The problem of Large Language Models (LLMs) generating incorrect or fictional output is compounded by the fact the output is presented confidently and often sounds legitimate.
In our previous article (AI Strategies Series: How LLMs Do—and Do Not—Work), we discussed how language models predict likely and coherent strings of text; they do not look up data. They’re not encyclopedias, and they don’t validate their outputs. So, much like the predictive text on your phone, it’s not surprising the generated text isn’t always factual. Making matters worse, their training data is limited in scope, lacks the most recent information, and can include some false or biased information. The entire purpose of LLMs is to generate text, so they’re generally optimized to provide some answer instead of responding “I don’t know.”
That said, the makers of these models are responding to criticisms about hallucinations.

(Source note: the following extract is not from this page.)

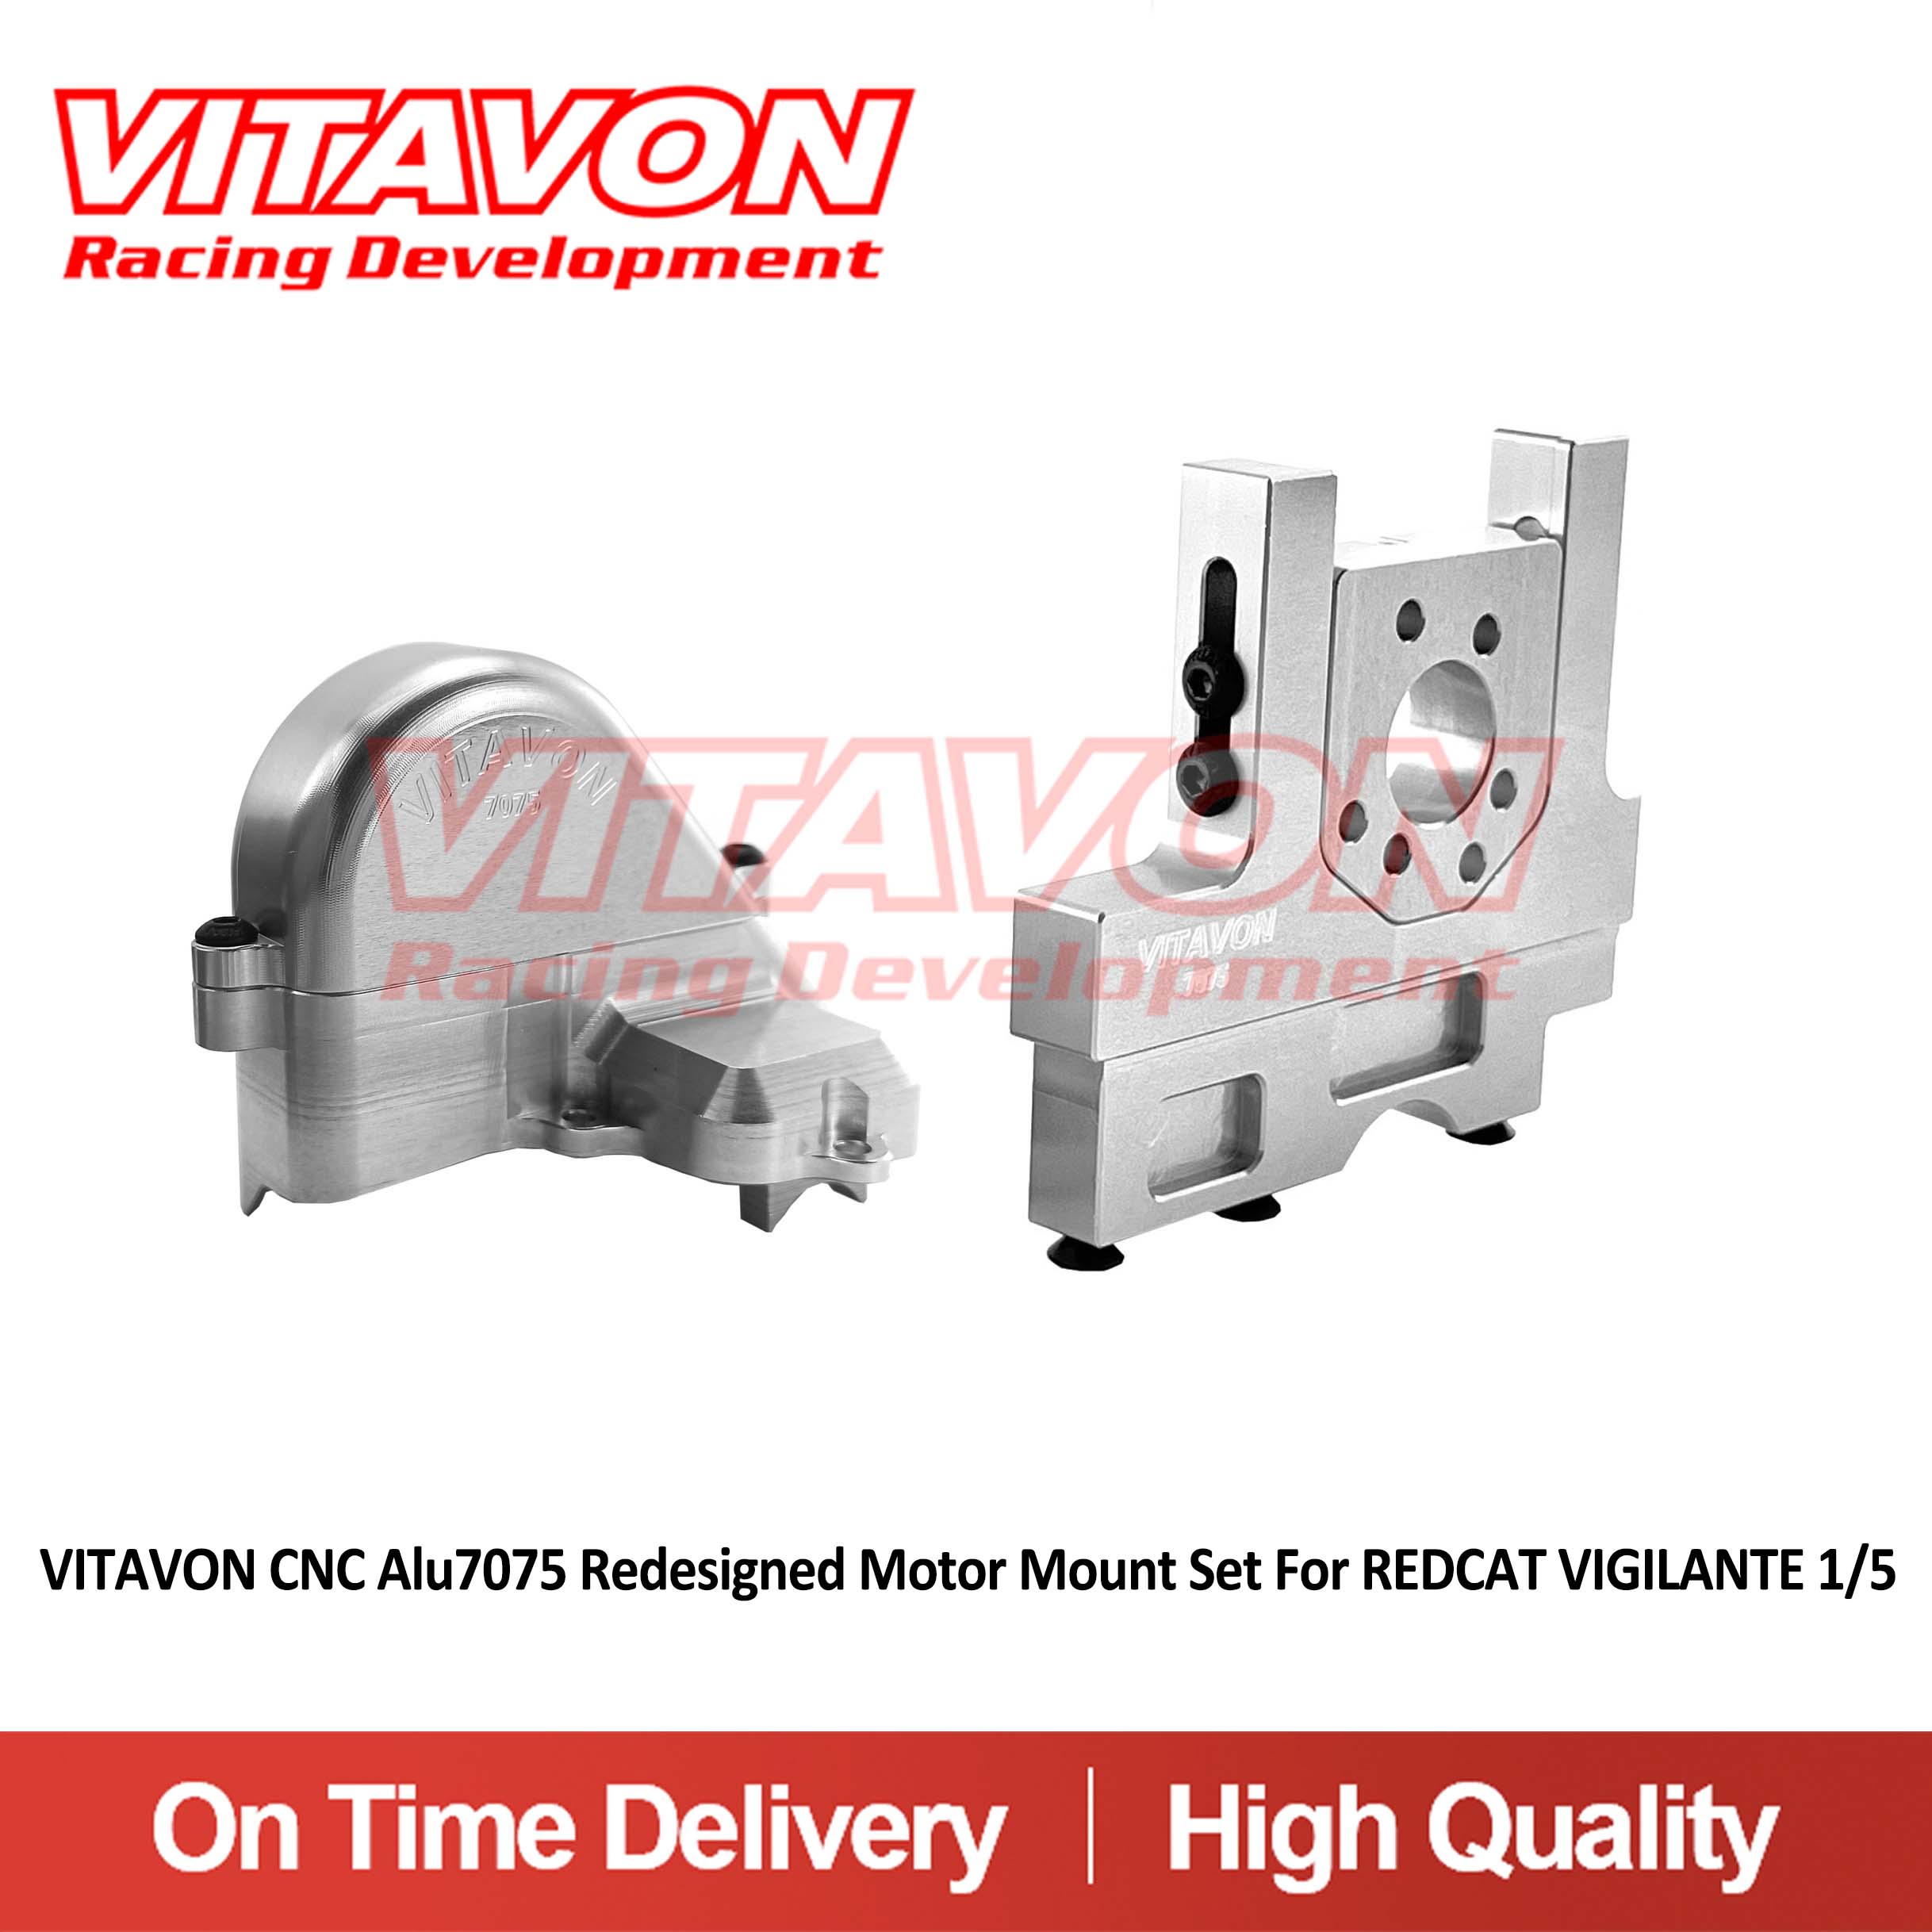 VITAVON CNC Alu7075 Redesigned Motor Mount Set For REDCAT VIGILANTE 1/5
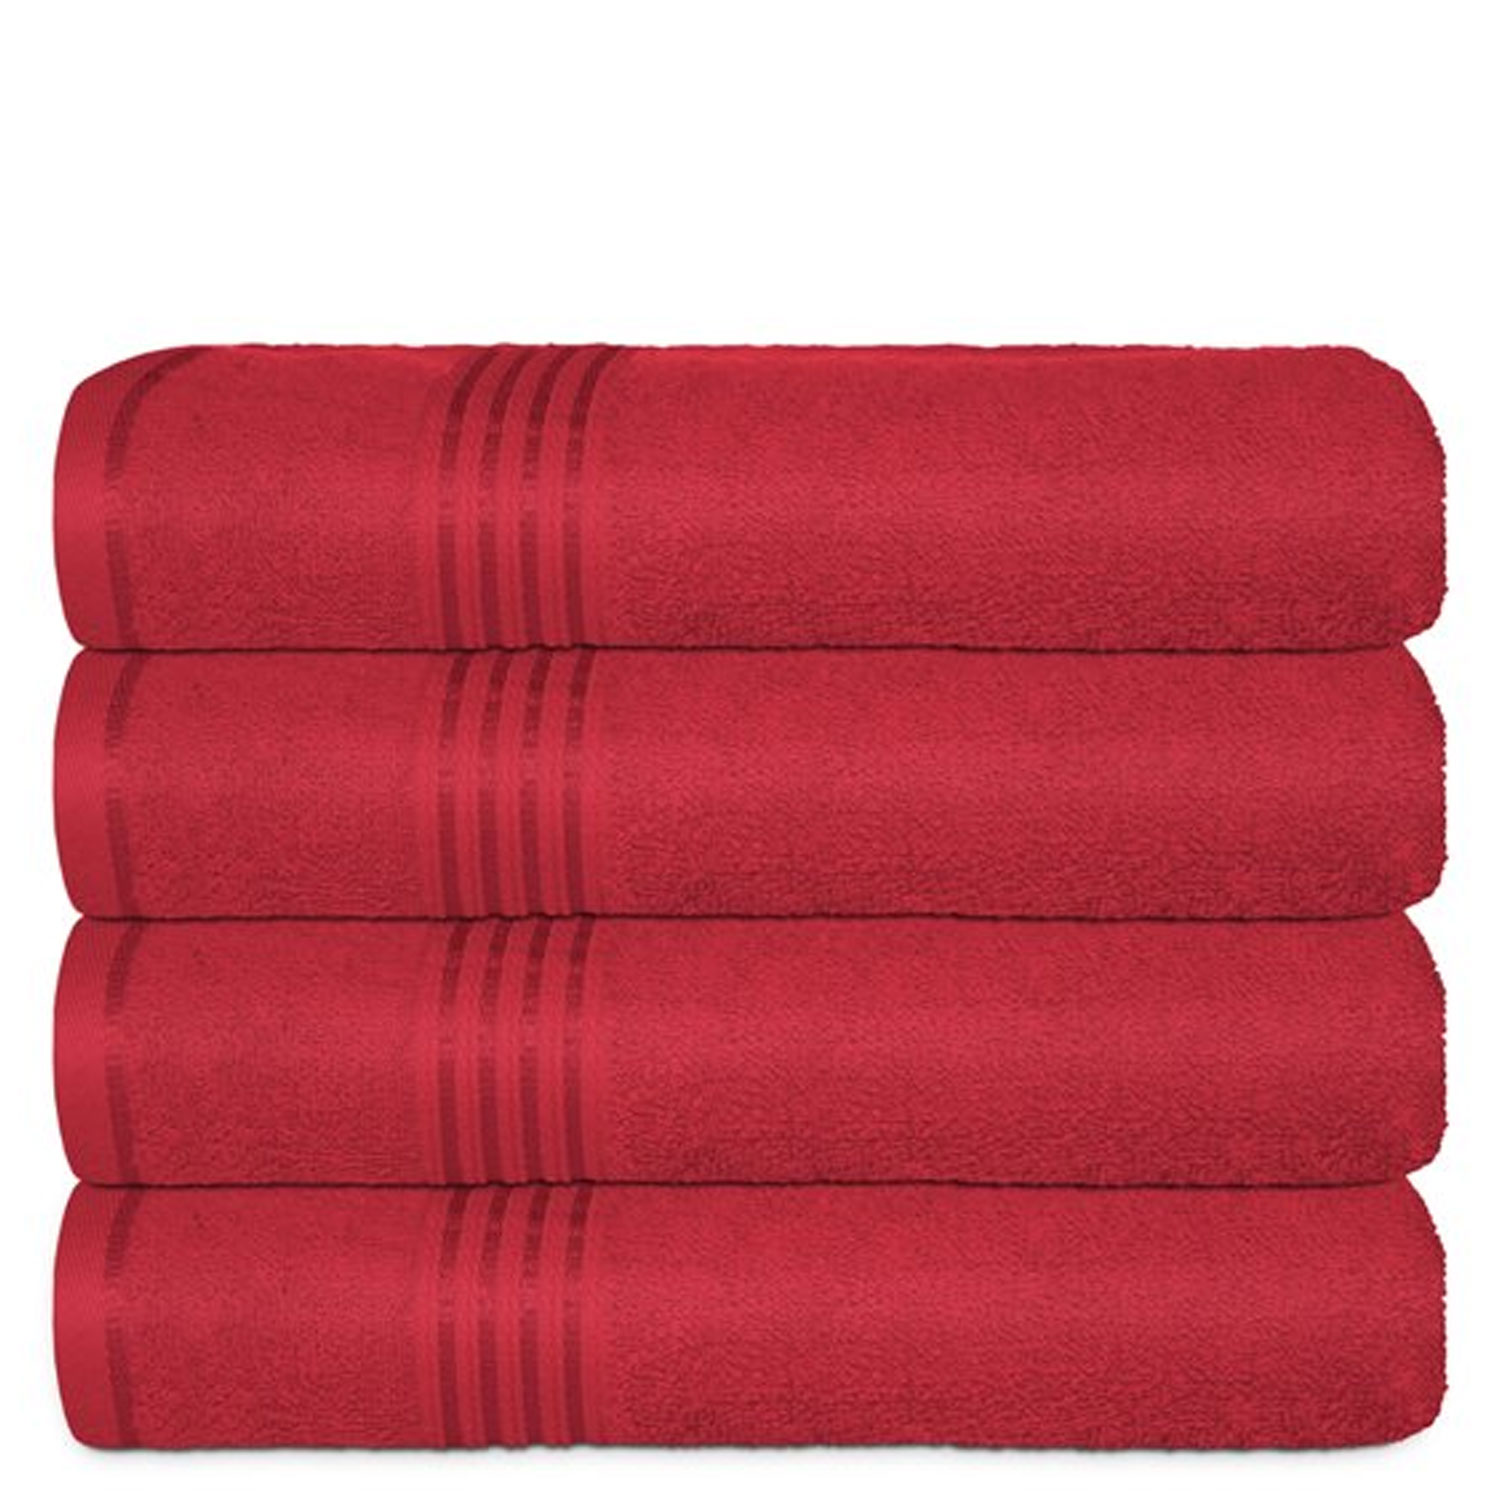 100% Cotton Bath Towel Set, 4 Piece

In some cases, they have begun mitigating hallucinations with bolt-on solutions such as incorporating fact-checking, grounding answers with fetched data (with methods like web browser plug-ins), and improving the training data and reinforcement learning process in newer models.
LLM hallucinations have made the news and caused reputational damage. For example, the introduction of Google Bard was very famously panned due to its incorrect claims about the James Webb telescope, and this had a serious financial impact on Google’s stock price at the time. If you use an LLM for your work, be sure to check the results for accuracy and work within your employer’s guidelines.
These models have also famously made up various sources and citations, causing significant legal headaches that we’ll discuss in a future article.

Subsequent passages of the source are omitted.